In India, the drug Nexavar is patented (Indian
patent #: 215758; available at our patent office website) by Bayer Inc.,
USA. NATCO filed the application under section 84(1). The patent in India claims priority to PCT
application number PCT/US00/00648
and has a priority date of 01/13/1999. Interestingly,
the PCT site for this application under the ‘National Phase’ tab shows that
Korea has in one family member of this patent refused to grant a patent.
At the same time, two other family members also exist and one of which
is published and the other granted.
The Indian CL application: NATCO’s CL application starts by stating its
capability, experience and expertise in manufacturing and development of
anti-cancer drugs. The CL application
then describes that the patent 215758 covers an active ingredient ‘Sorafenib’. Bayer manufactures Sorafenib under the brand
Nexavar and that Nexavar is used to treat primary kidney and advanced primary
liver cancer. The Nexavar cost of therapy
is stated to be Rs. 280428.00 per month. The CL application then details facts
about Hepatocellular Carcinoma (stats related to occurrence and survival rate);
and facts related to renal cell carcinoma.
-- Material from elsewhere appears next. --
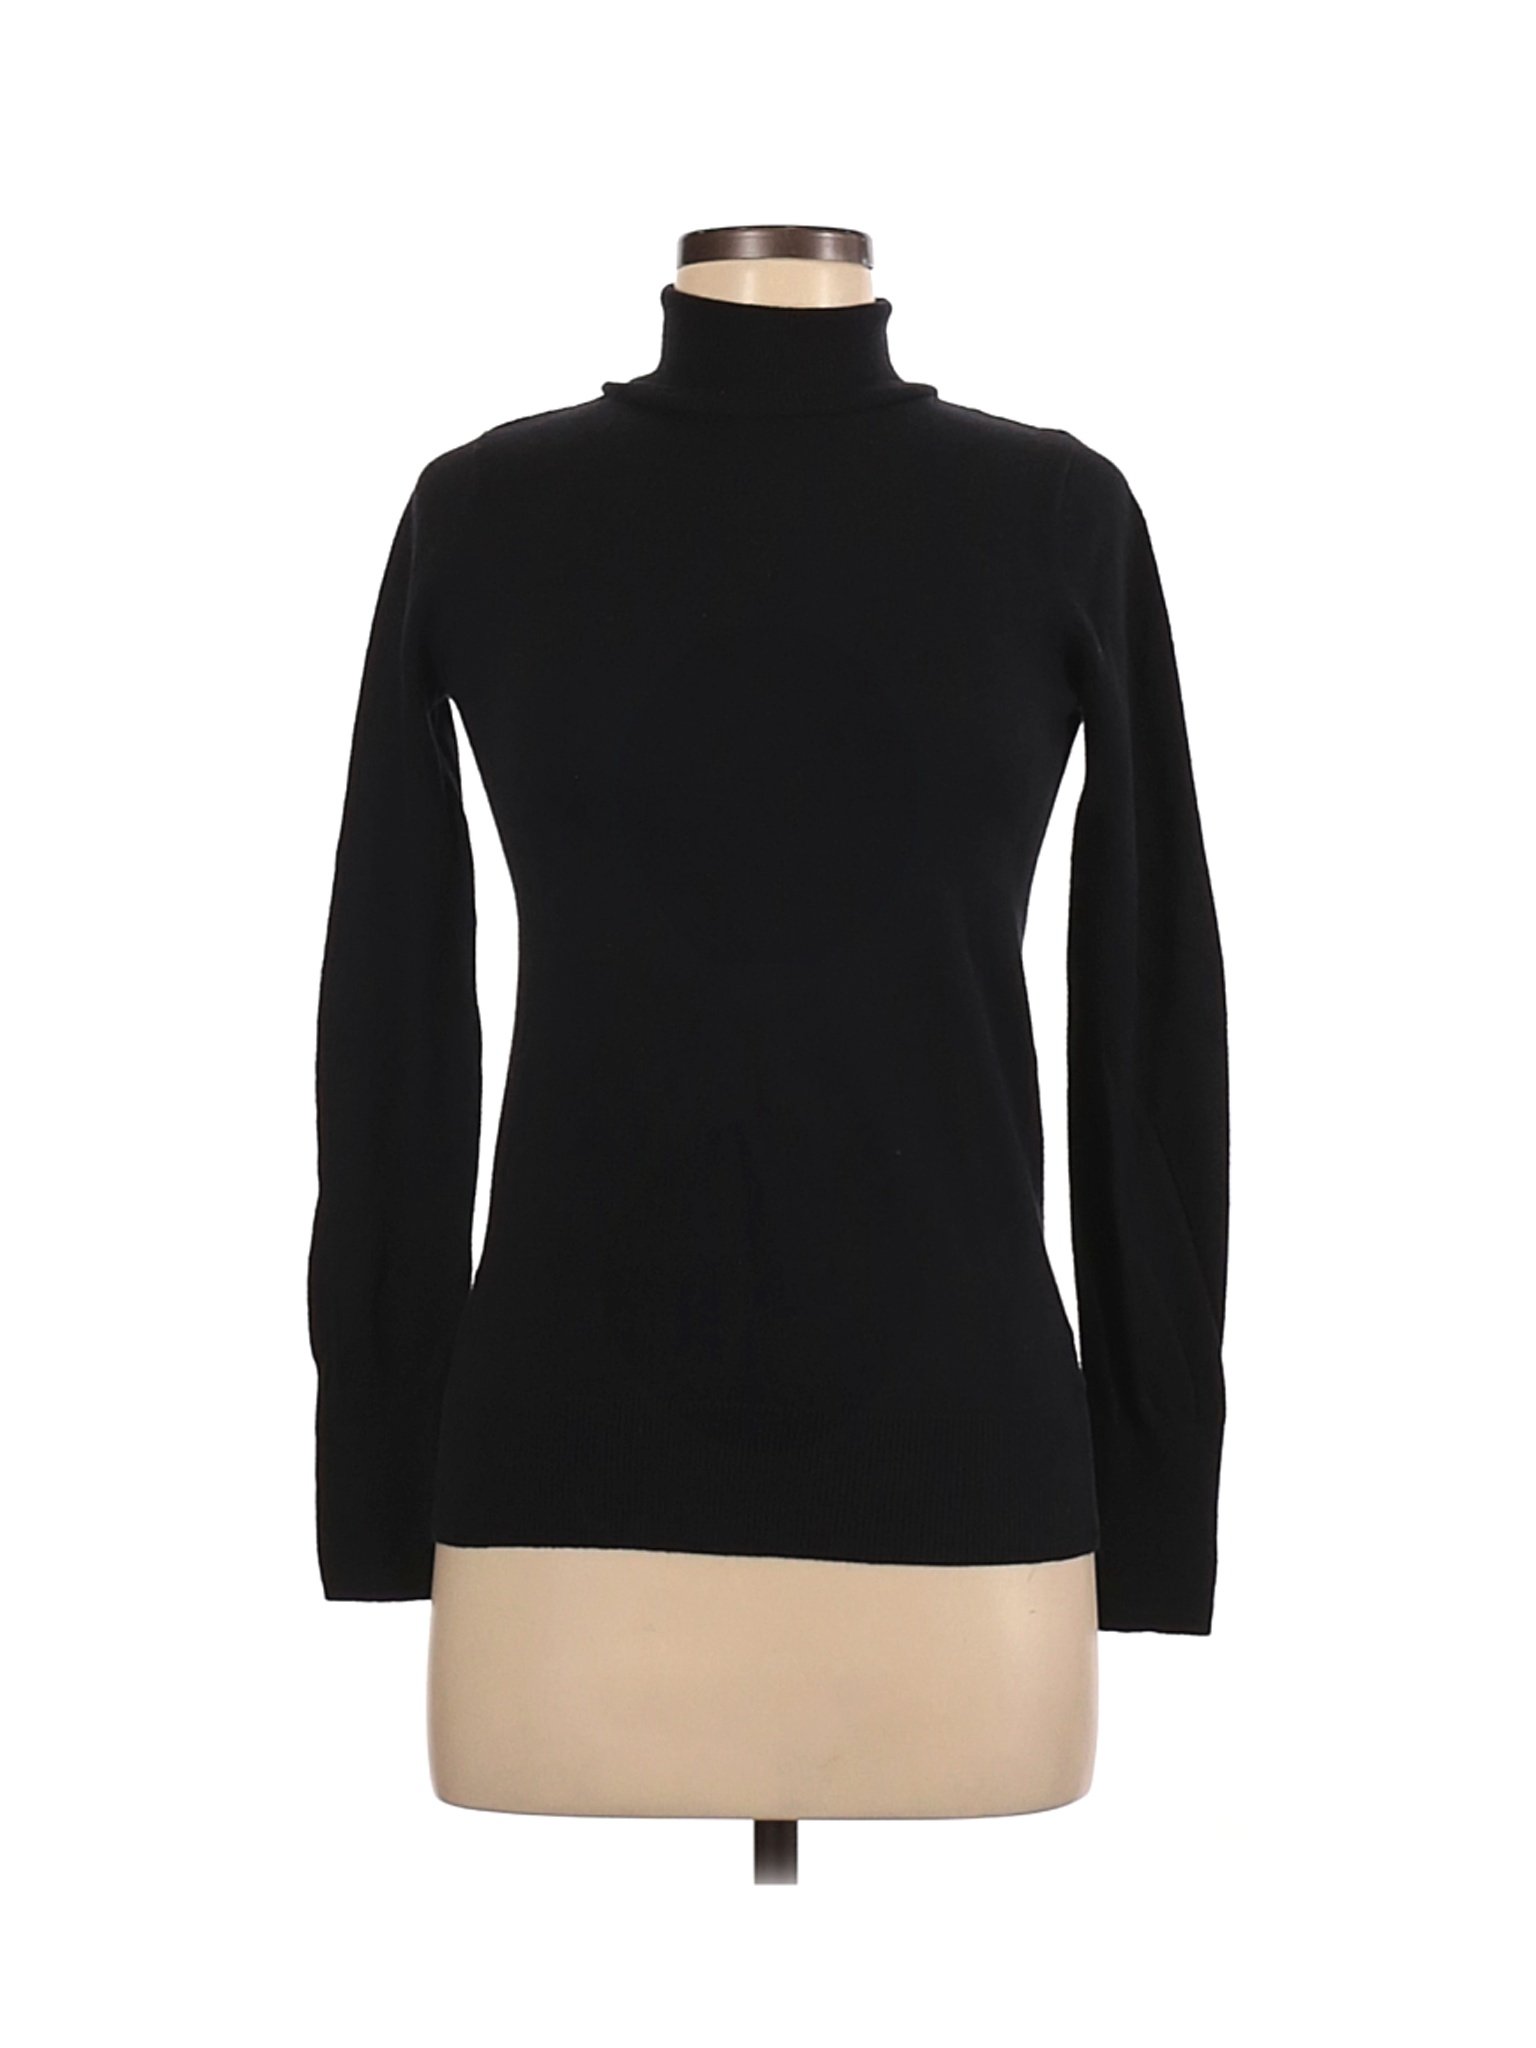 Old Navy Women Black Turtleneck Sweater S | eBay

There are at least 100000 patients in India suffering from different
forms of renal cell and hepatic cell carcinoma and 30000 patients are added to
the patient pool every year. Over 24000
patients die in India every year on account of these diseases. Various treatment options are then described
including the treatment by Sorafenib.
Physicians prescribe Sorafenib @800mg per day which translates to 4
tablets per day (400mg tabletsX2) at a cost of Rs. 280428.00 per month and that
the patient has to pay the entire amount from his pocket.
NATCO then argues that Sorafenib had a limited
availability in India as it was entirely imported and it was only available in
major cities (Delhi, Mumbai, Kolkata, Chennai) at pharmacies attached to large
hospitals. The distributors of Sorafenib
were in Delhi, UP, Punjab, Gujarat, West Bengal, Bihar, Kerala and Tamil Nadu
to the exclusion of all other states and territories. The
applicant specifically stated that Sorafenib reaches less than 1% of the patients
and that 99% of the patients who are unable to afford the drug are left to die (because
of the non-availability). NATCO has also
stated in the application that the drug is considered to be expensive even by
US ($4300/month) and UK
(GBP2900) standards.
The application then stated that the requirements
of section 84 had been met: More than 3 years have elapsed since the grant of
the patent (03/03/2008) and yet Bayer had not taken adequate steps to manufacture
the invention in India; and that a prima facie case of reasonable requirements
of the public not being met is made because of unavailability (access and
price).
The application concludes by stating that NATCO
has existing capability to manufacture Sorafenib; NATCO has approval from Drug
Controller General of India for manufacturing and marketing Sorafenib; efforts
to secure a voluntary license had failed; and NATCO also had a patent on the
process of manufacturing Sorafenib.
NATCO’s stated capability is 2Million tablets a day whereas there was a
requirement of 480K/month and that NATCO could supply the tablet @Rs.74/tablet working out to
Rs.8800.00/month and that NATCO was willing to provide the tablet free of cost
to patients who could not even afford the proposed price (74/tablet). NATCO
has also specifically stated that in case a CL is granted, it would not export
Sorafenib to other countries and that the CL would be limited to India.
Conclusion: In my opinion, this is a textbook case for grant
of a CL. But that said it also reasons that Bayer may itself reduce the prices
of Nexavar rendering the issue of nonavailability moot. It may even grant a
license to another generic manufacturer in India to produce Sorafenib thereby
addressing the concerns in NATCO's CL application.

2 comments:
Dear Rajiv,
I would like to correct you the priority date of this application is Jan 13th 1999 instead of Jan 12th 2000.
Actually Jan 12th 2000 is filing date of PCT application.